In Dunham’s opinion, it is also important to speak with every physician in the practice you’re considering—whether on the phone, in person or both. Being prevented from speaking with any physician could be a red flag. He advises physicians to ask questions such as “How happy are you with the practice?” “Do you feel you can trust the administration?” “How long have you been here?” and “Is this a growth position?”

If the opportunity is a replacement of a previous physician, find out why that physician left. You should be able to get your questions answered in 30 minutes to an hour with each physician.

If this is a health care system position, talk with one of the executives—the CEO, president or vice president—to get a feel for the system.
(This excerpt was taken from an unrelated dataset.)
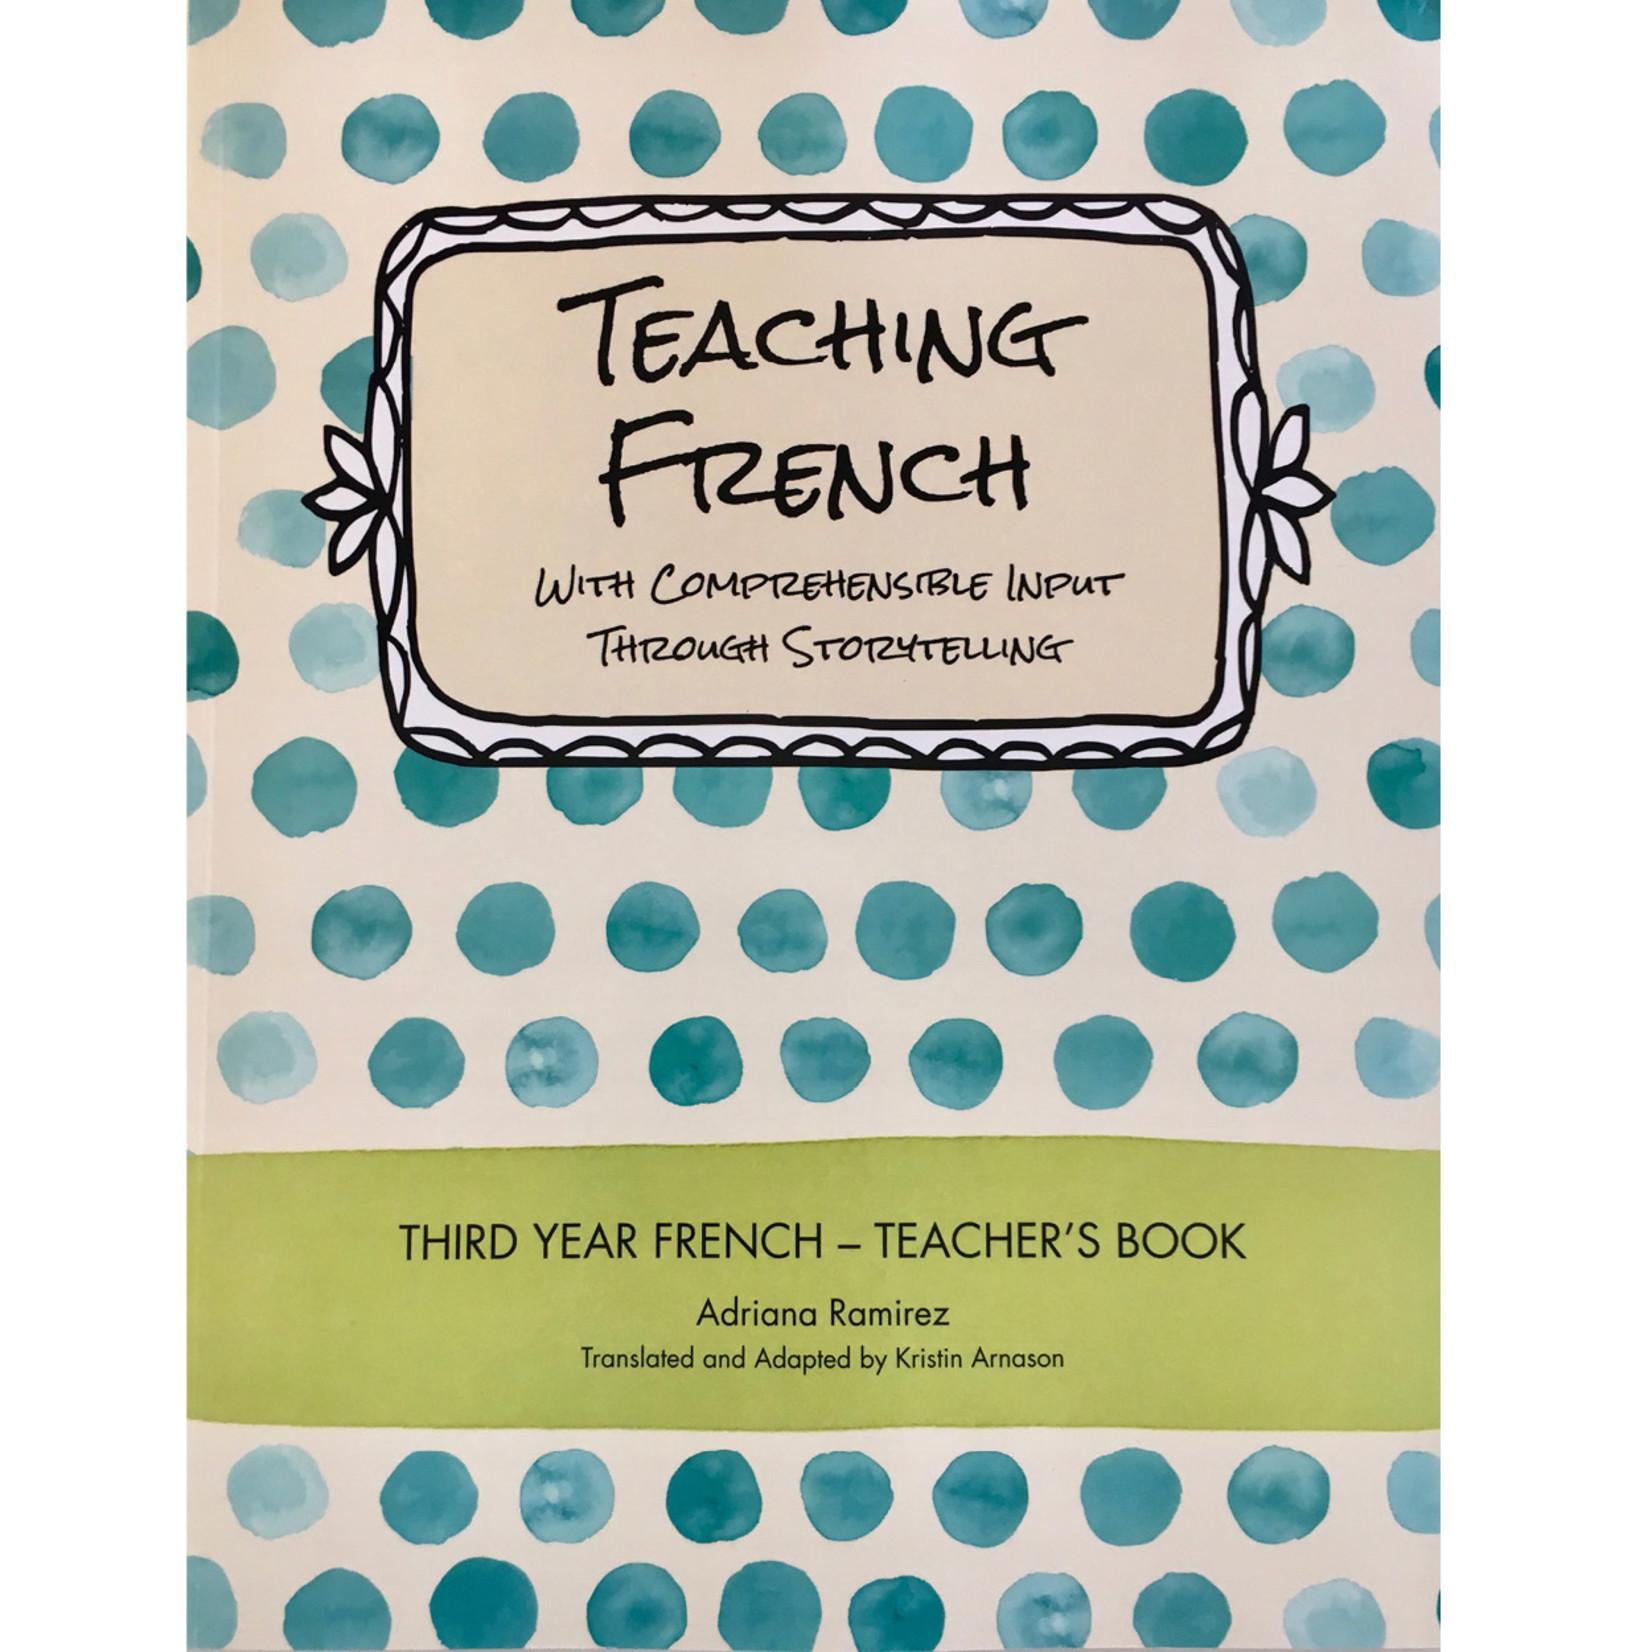 Adriana Ramirez Teaching French with comprehensible input through storytelling - 3

Questions could include: “What are the challenges?” “Where do you see the practice heading?”

Dunham was extremely careful as he narrowed down his job opportunities to two or three potential positions. He also checked the contract to make sure what was said during the interview process had actually translated to paper.

Javaid, too, spoke with higher-ups in Novant before he committed to the job. In particular, the Northern Virginia physician leader for Novant Health UVA played an important role in the process. Javaid spoke with him three times and met him twice before accepting the job offer. “Besides being helpful, he was easy to reach,” Javaid says. After he started in the role, their relationship continued. “He truly was informative and truthful about everything I asked.”

That connection Javaid made with a colleague has continued to benefit him in his current role, and you may have the same experience. The connections you foster in your job search may help you land more than just your next practice—they may continue to benefit you in your career for years to come.